Eine derart komplexe Fragestellung erfordert ein umfangreiches zellbiologisches und biophysikalisches Methodenarsenal: von der Identifikation neuer Komponenten über ihre Verortung und Dynamik mittels hochauflösender Mikroskopie bis hin zur quantitativen Analyse der Wechselwirkungen. Die apparative Infrastruktur der Biologie wird mit Hilfe des neuen Sonderforschungsbereiches erweitert werden, und sie steht allen Arbeitsgruppen zur Verfügung.

Der SFB 944 zeichnet sich auch durch die fächerübergreifende Zusammenarbeit von Arbeitsgruppen aus der Osnabrücker Biologie, Physik und Mathematik sowie zwei Arbeitsgruppen der Universität Münster aus. 
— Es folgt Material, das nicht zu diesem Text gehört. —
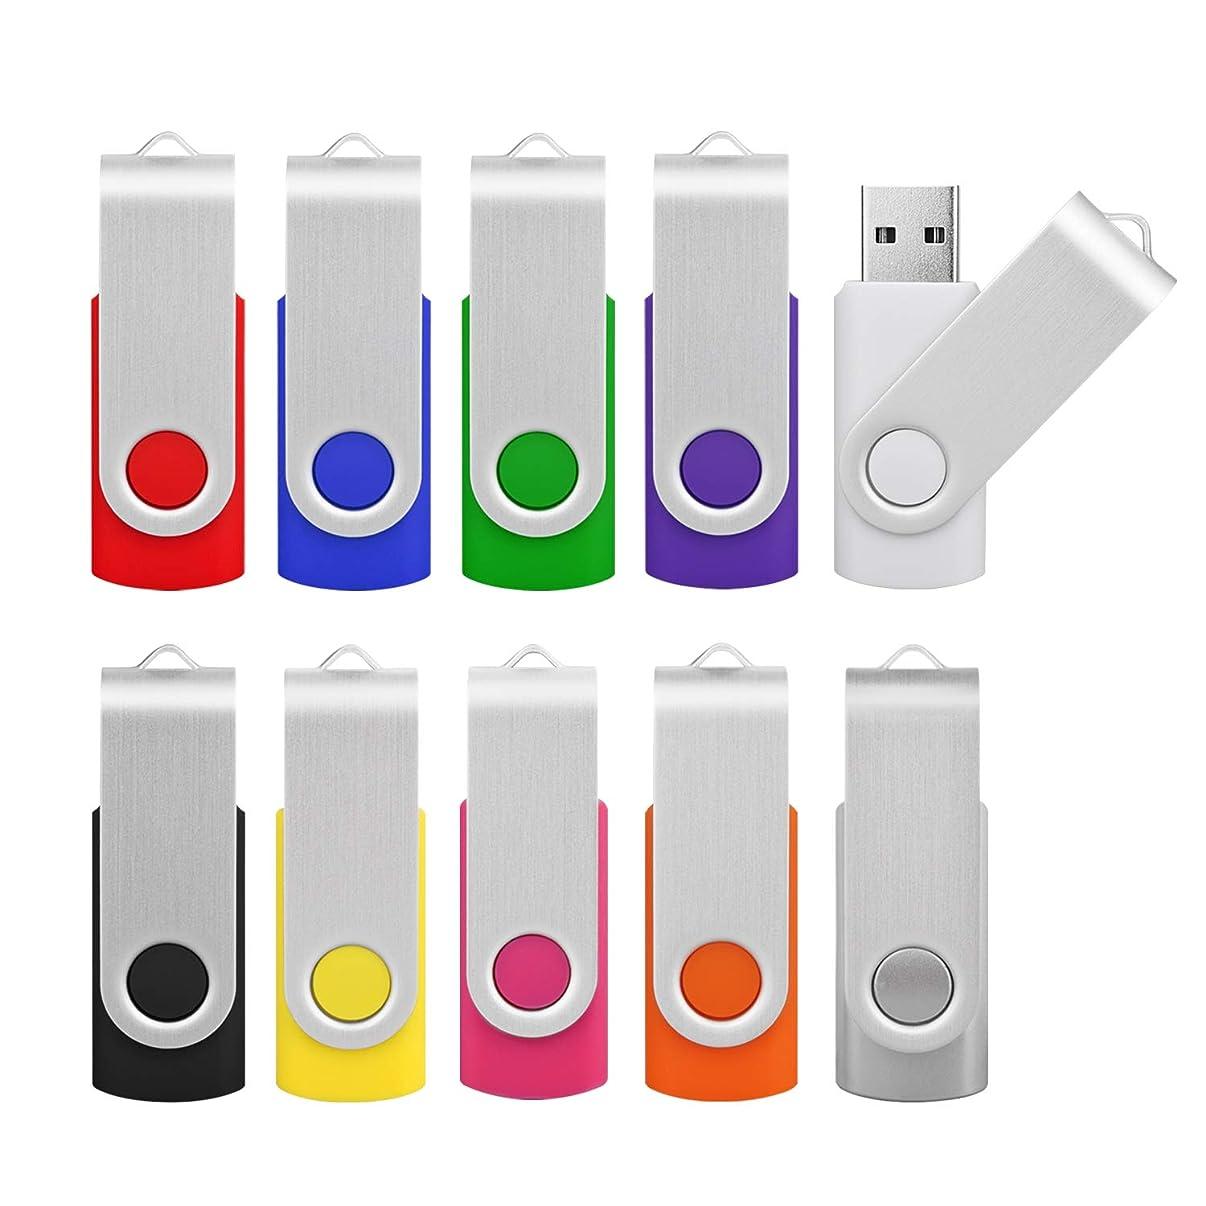 Kootion 16GB Flash Drive 16gb USB Flash Drive 10 Pack Thumb Drive Memory Stick Swivel Jump Drive Keychain Design, Mixcolored

Abbildung 3 Untersuchung von Mikrokompartimenten auf der Plasmamembran menschlicher Zellen mittels 3-Farben-Höchstauflösungsmikroskopie. Die Proteinuntereinheiten IFNAR1 (grün) und IFNAR2 (rot) des Typ I-Interferonrezeptors sowie das Aktin-Zytoskelett (blau) wurden in lebenden HeLa-Zellen mit photoschaltbaren Fluoreszenzfarbstoffen markiert. Anschließend können dann durch sukzessive Photoaktivierung einzelne Fluorophore mit einer Genauigkeit von ca. 20 nm lokalisiert werden. Aus diesen Einzelmessungen lassen sich Bilder mit einer etwa zehnfach höheren Auflösung erhalten als mit üblichen Fluoreszenzmikroskopie-Techniken. Im Übersichtsbild (A) sind die Konturen der Zelle erkennbar. Im Ausschnitt (B) sind mehrere Bereiche mit charakteristischer submikroskopischer Organisation der beteiligten Proteine noch weiter vergrößert dargestellt. Durch die sehr hohe Auflösung wird die Organisation einzelner IFNAR1- und IFNAR2-Moleküle entlang zytoskelettaler Strukturen erkennbar.